• COLLECTED DATA
++++++
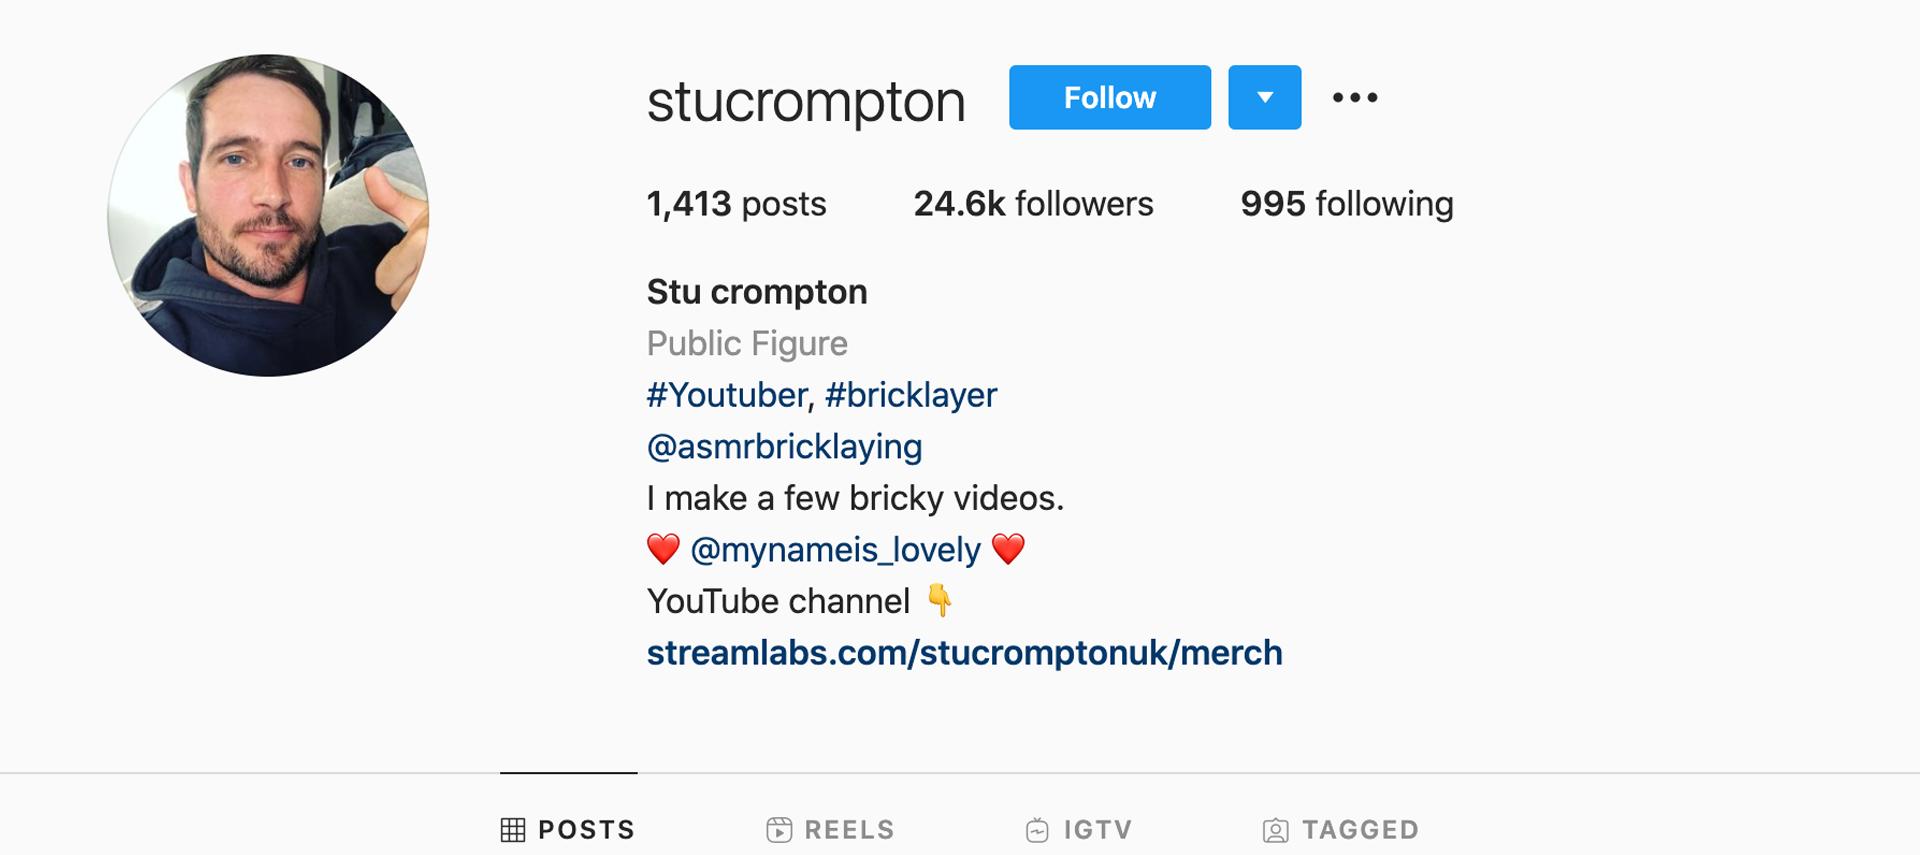 stu-crompton-instagram-profile
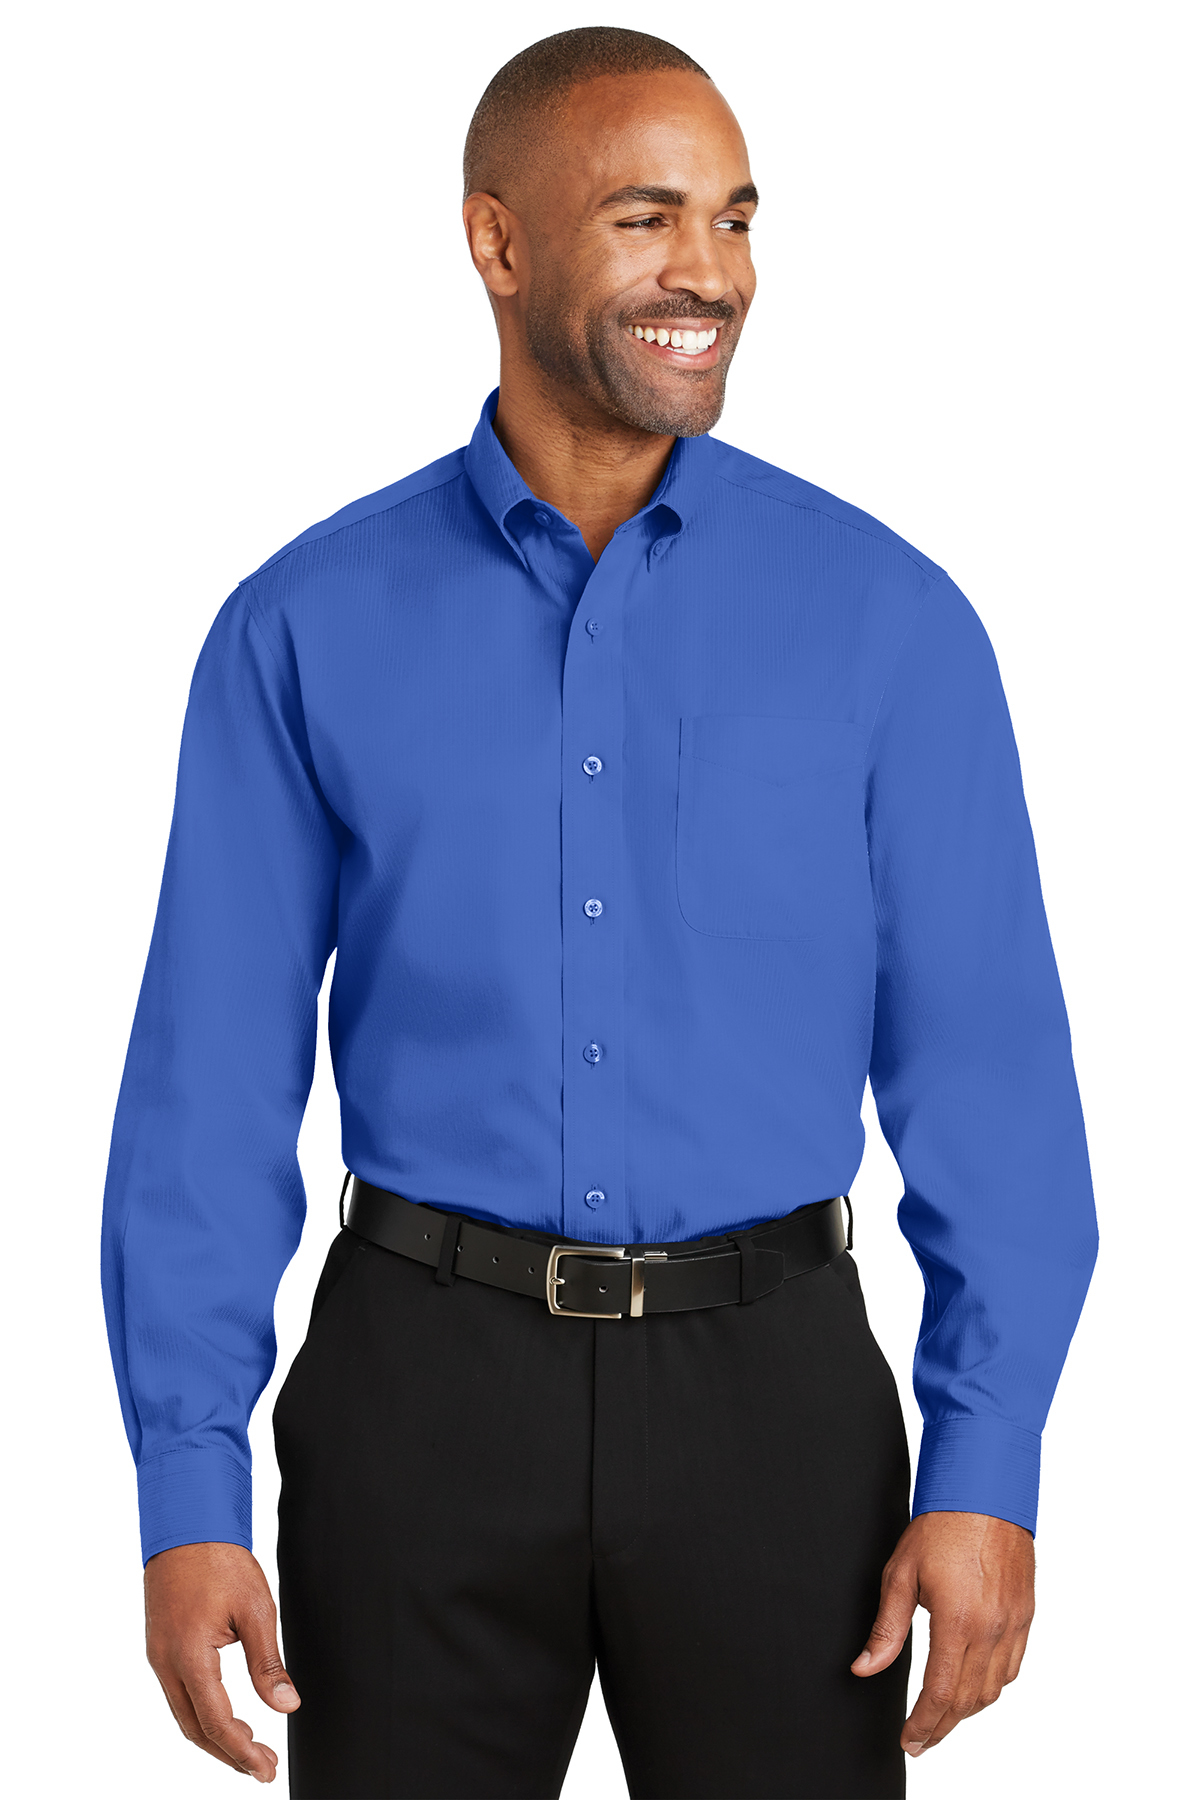 eb501285f49 Red House® - Dobby Non-Iron Button-Down Shirt | Cotton | Woven ...
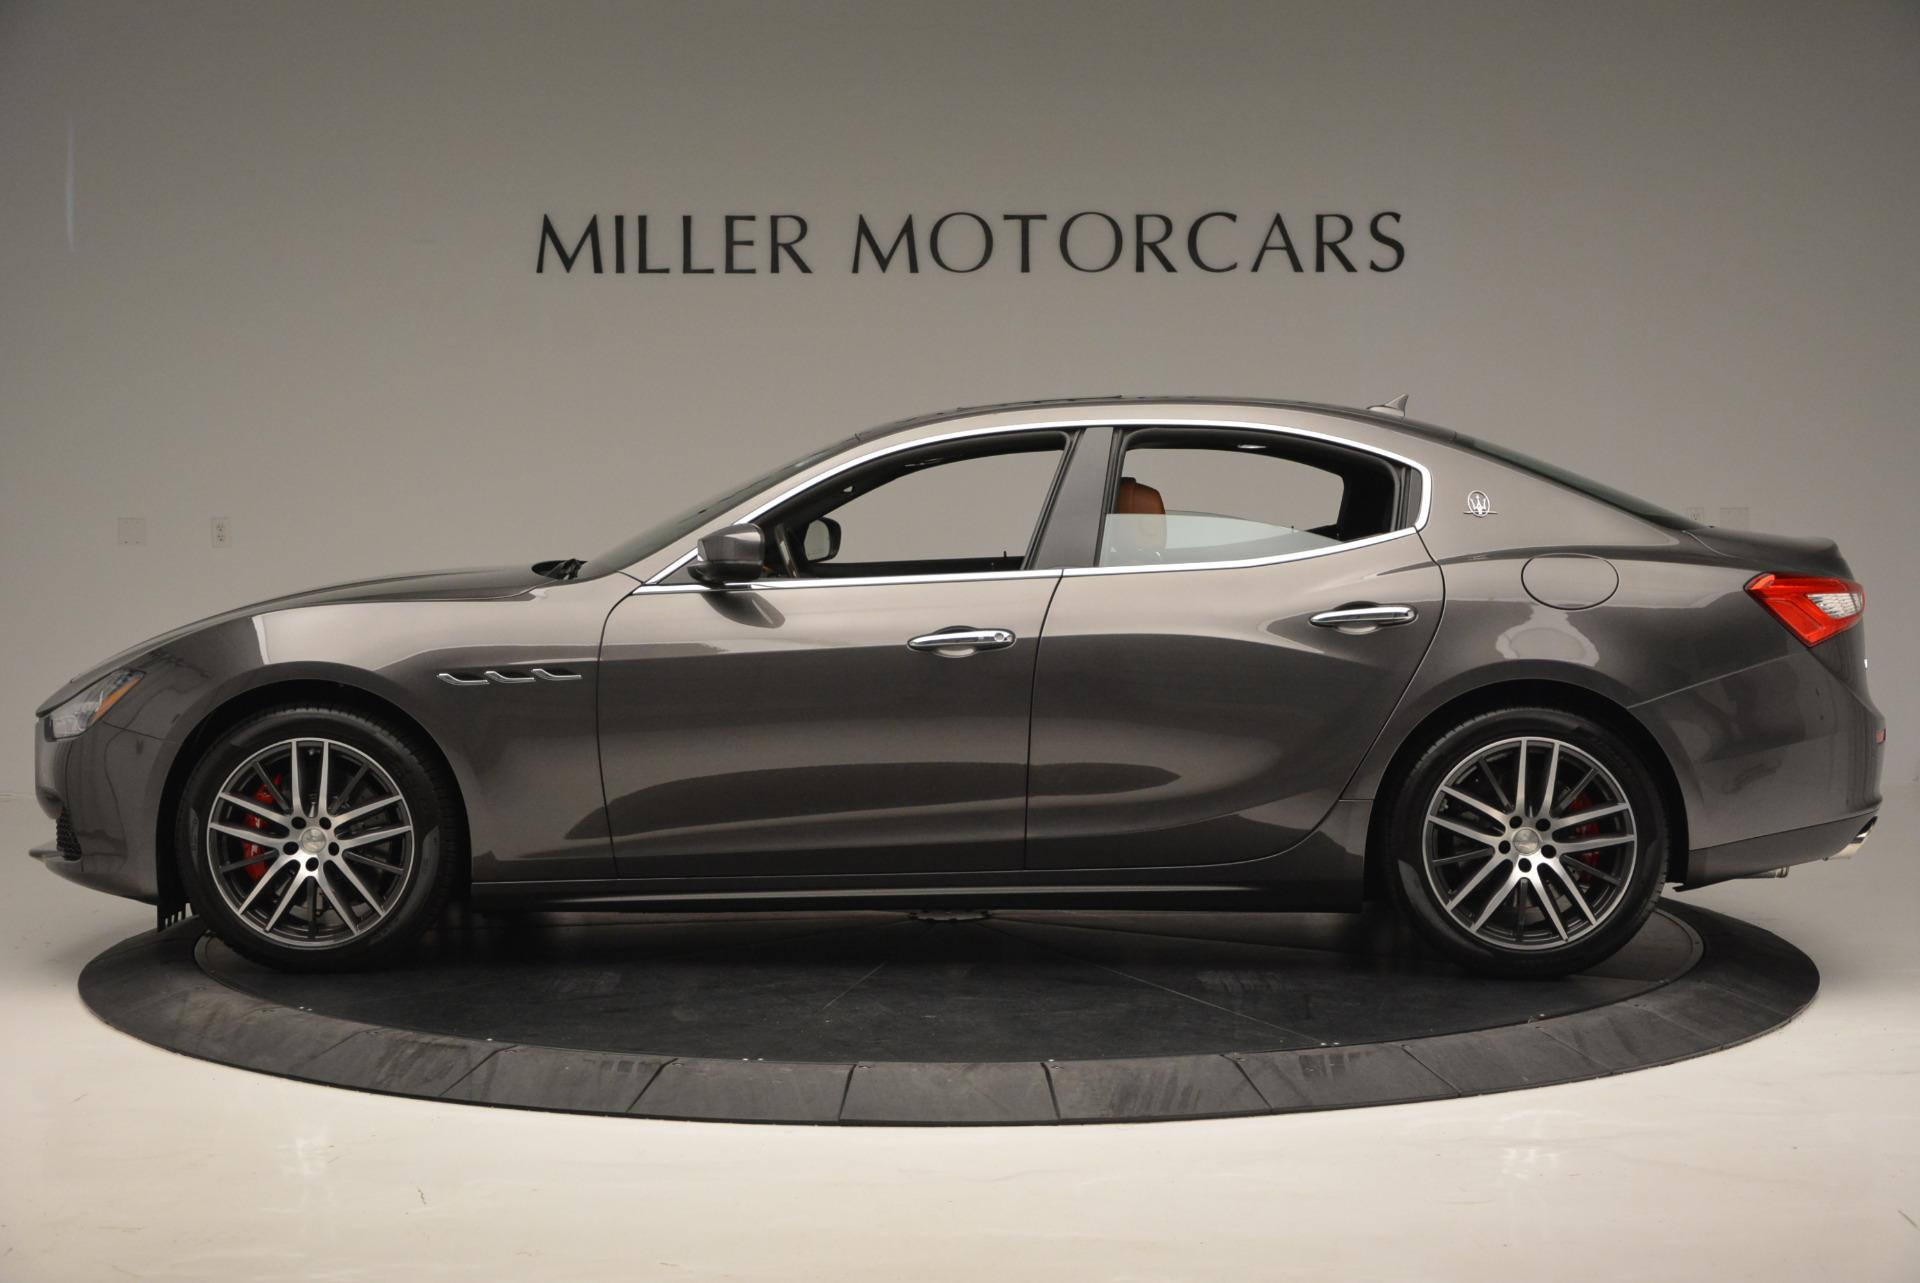 Used 2017 Maserati Ghibli S Q4  EX-LOANER For Sale In Westport, CT 565_p3
++++++
• EXERCISE OBJECTIVE
Could you copy the lines above exactly and skip the images?

• ANSWER TO THE EXERCISE
 stu-crompton-instagram-profile
 eb501285f49 Red House® - Dobby Non-Iron Button-Down Shirt | Cotton | Woven ...
 Used 2017 Maserati Ghibli S Q4  EX-LOANER For Sale In Westport, CT 565_p3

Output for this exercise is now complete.